LOL Normally, she hates baths and gets them done quicker than the others. I guess I'm just a little worried about her.. she's a first time mum. And I am a worry-wart. LOL
Is there a certain time of the day that Tiels usually lay their eggs?


----------



## Aly (Jul 30, 2007)

About 6am...just kidding. I'm sorry, I know you're excited. There is no certain time. Just make sure you're very familiar with her behavior now and what the signs are for becoming egg bound. It is deadly so all breeders should know what to look for. If all goes well, you'll know the egg is on the way within a day or so when her poop get HUGE. She will hold it and will ussualy go once in the am.


----------



## MsPriss (Feb 11, 2009)

LOL I was just reading an article on egg binding.. It's so scary! 
Btw.. her poops have been heavier for the last day or two.. so we might be close. I have a person (with over 25 yrs experience) that is going to teach me how to handfeed in the next few weeks.. I'm so excited.. but nervous too. :blink:


----------



## Aly (Jul 30, 2007)

Don't get ahead of yourself. I only say that because I know what it's like to be so close but not quite. Just concentrate on anything you can do for them now and focus on helping her when if needed and the rest will follow. Handfeeding is not easy and you will lose some sleep but it's good that someone is acctually going to show you. Are they getting veggies and egg food or boiled egg?
I wish you and them the best! Any questions, just ask.


----------



## MsPriss (Feb 11, 2009)

Yes, their diet has been excellent since they came to live with me. They don't always eat what I give them, but the list of actual things they eat looks something like this. They eat veggies everyday, they aren't keen on fruits, but they will sometimes eat a bit of apple. 

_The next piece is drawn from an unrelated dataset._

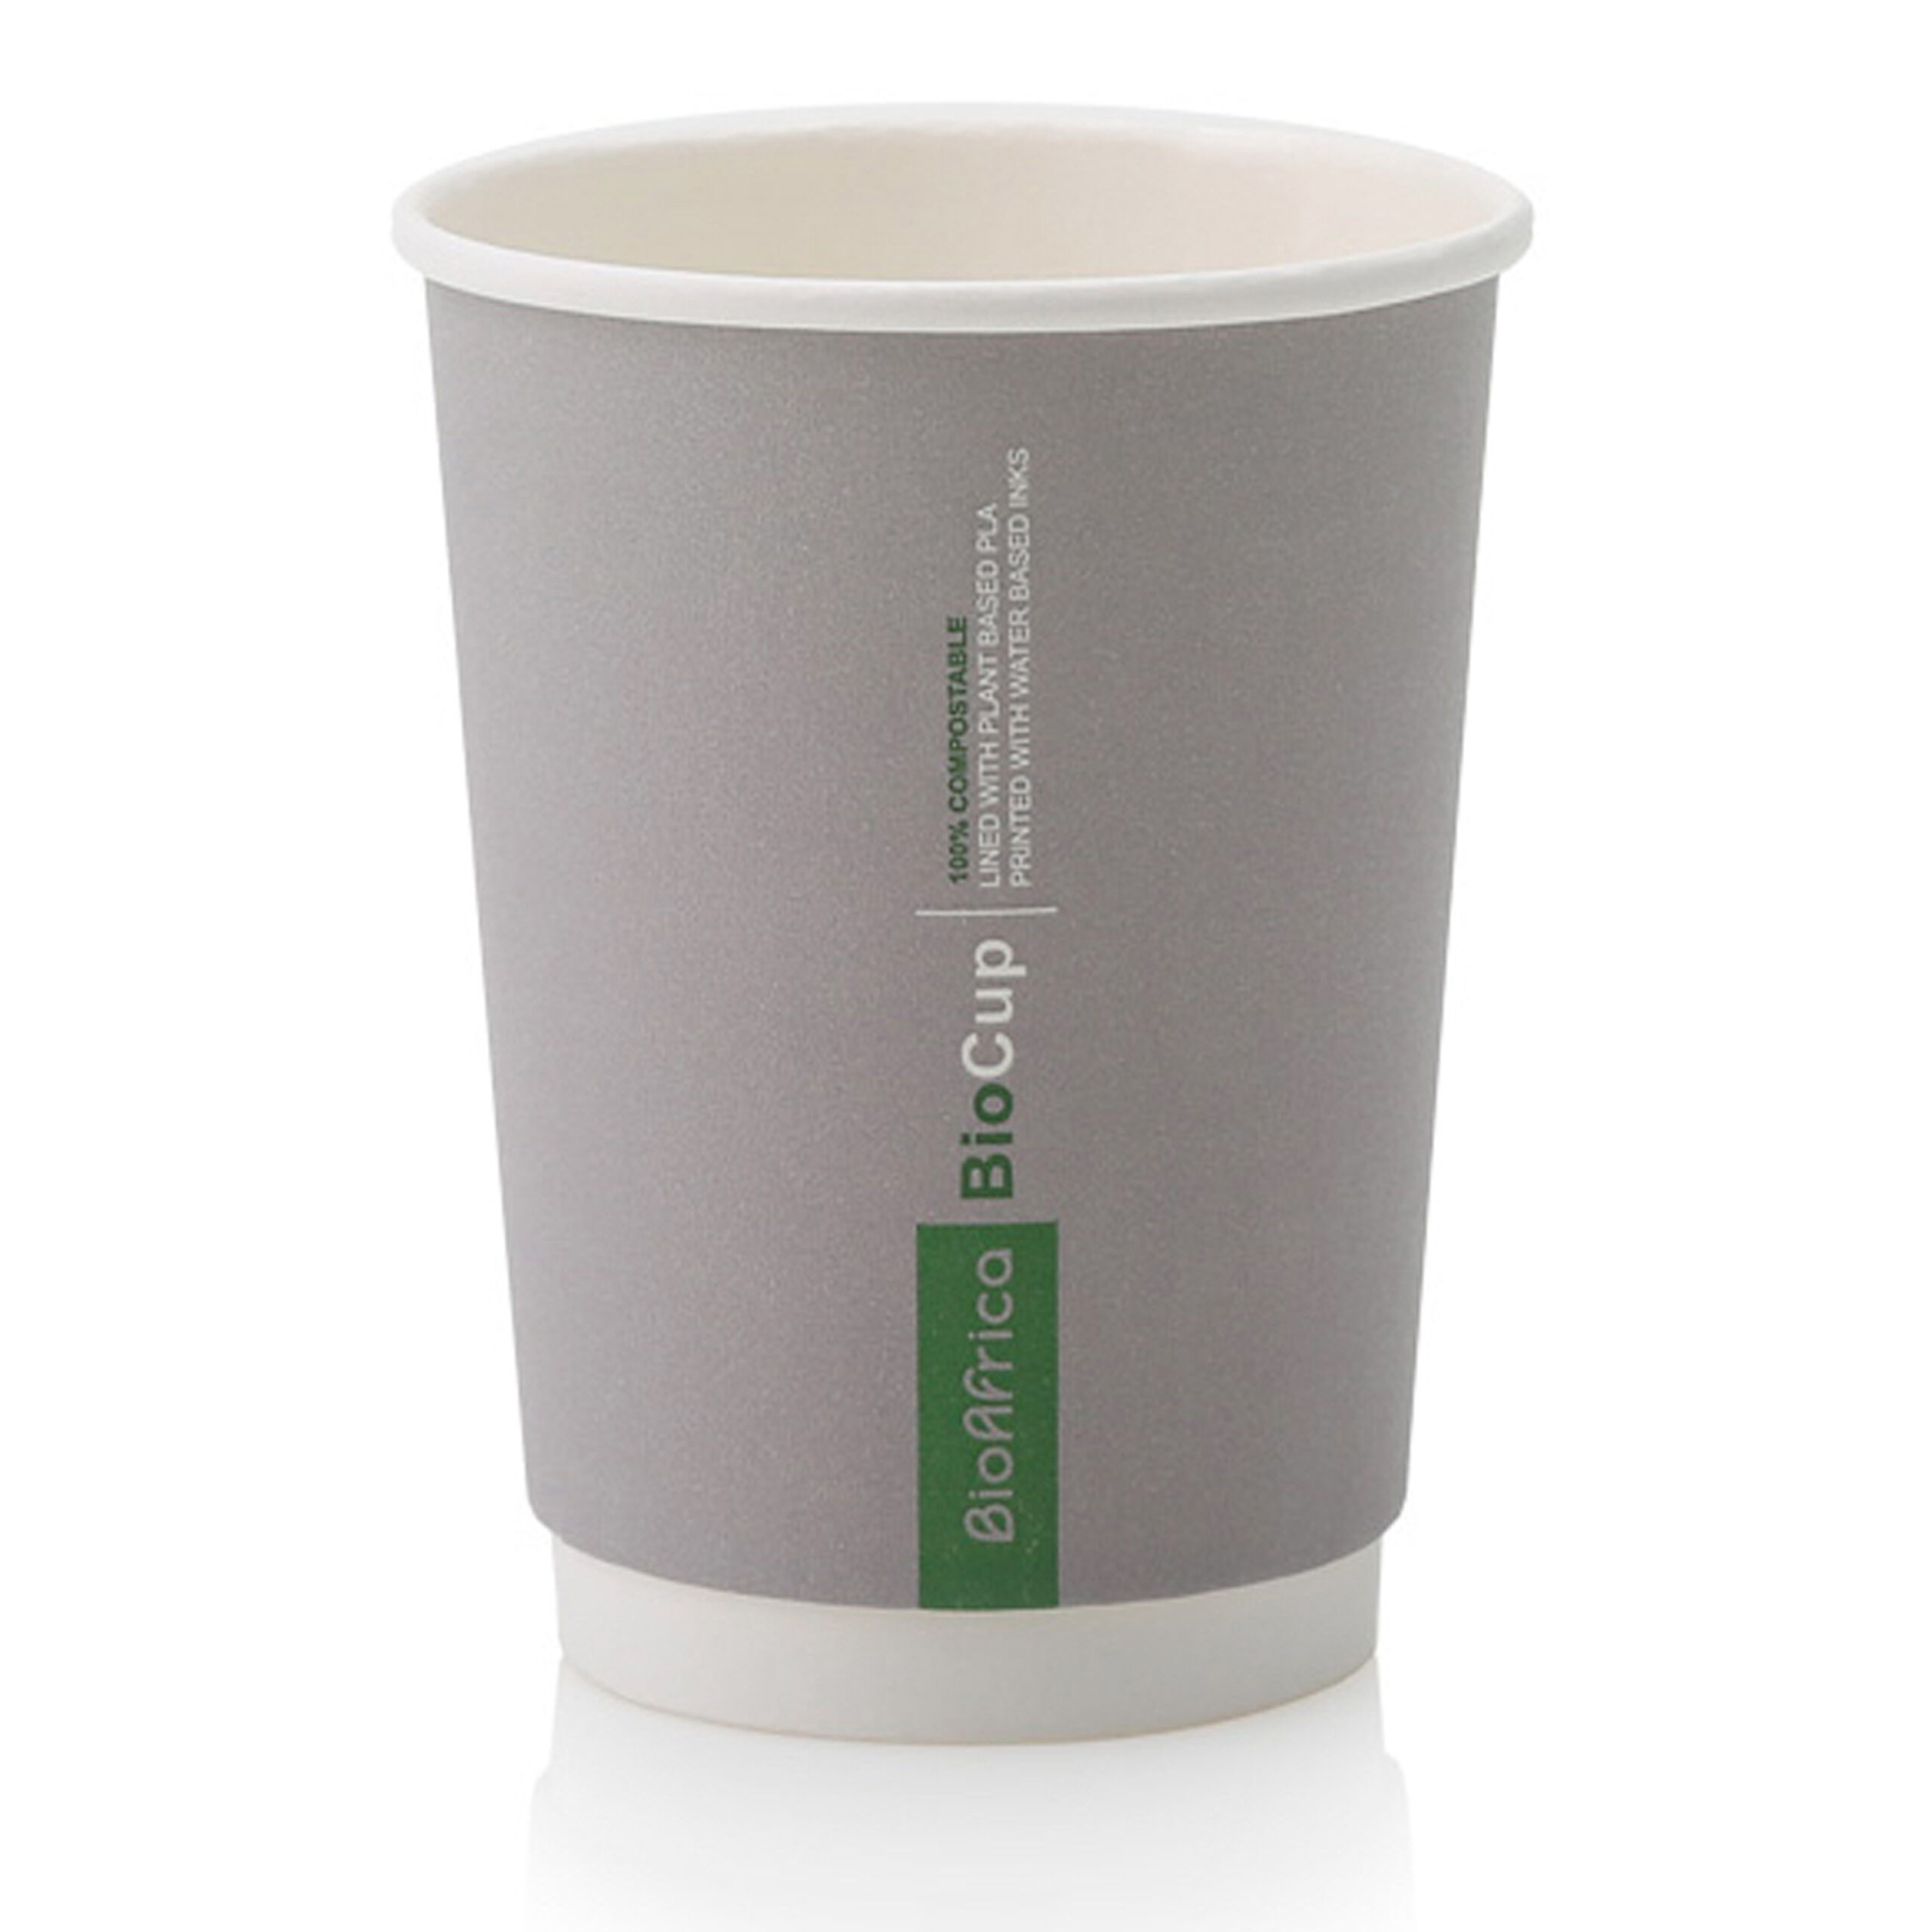 BIOAFRICA DOUBLE WALL COMPOSTABLE BIOCUP 350ml KRAFT (1x25)

Eggs, *w/w birdy french toast, *w/w pancakes (flax added to both) corn, carrots, green beans, greens, green peas, pasta, rice, apples, cheerios.. etc. They also get roudybush pellets and zupreem fruity pellets mixed daily and Abba seed mix (no sunflower seeds) daily. I wasn't planning to breed, it was their choice. I'm glad they were on a good diet or I would be really worried. 
The male is 7 yrs old and the female is 4 yrs old.. no babies having babies here.. thankfully. 





*Birdy French Toast 
Whole wheat bread dipped in eggs.. add crushed flax seed before it gets flipped. I have been feeding my birds this for several years. Its good stuff.
*Whole Wheat Pancake mix.. add crushed flax to the mix.. and please, no syrup. lol


----------



## Aly (Jul 30, 2007)

Sounds good. Just a little note, sunflowers really get a bad rap, mostly because seed mixes contain way too much of it but keep in mind, everything in moderation. Sunflower seeds contain alot of good fat and is acctually healthy for them...It just shouldn't be a major part of their diet, that's all. Mine aren't too into fruits, they like red apple pieces sometimes, mango, kiwi...their all time favorite are BERRIES! All berries...Anyways, goodluck to them. Keep us posted.


----------



## Cannuck2007 (Feb 29, 2008)

Aly said:


> Sounds good. Just a little note, sunflowers really get a bad rap, mostly because seed mixes contain way too much of it but keep in mind, everything in moderation. Sunflower seeds contain alot of good fat and is acctually healthy for them...It just shouldn't be a major part of their diet, that's all. Mine aren't too into fruits, they like red apple pieces sometimes, mango, kiwi...their all time favorite are BERRIES! All berries...Anyways, goodluck to them. Keep us posted.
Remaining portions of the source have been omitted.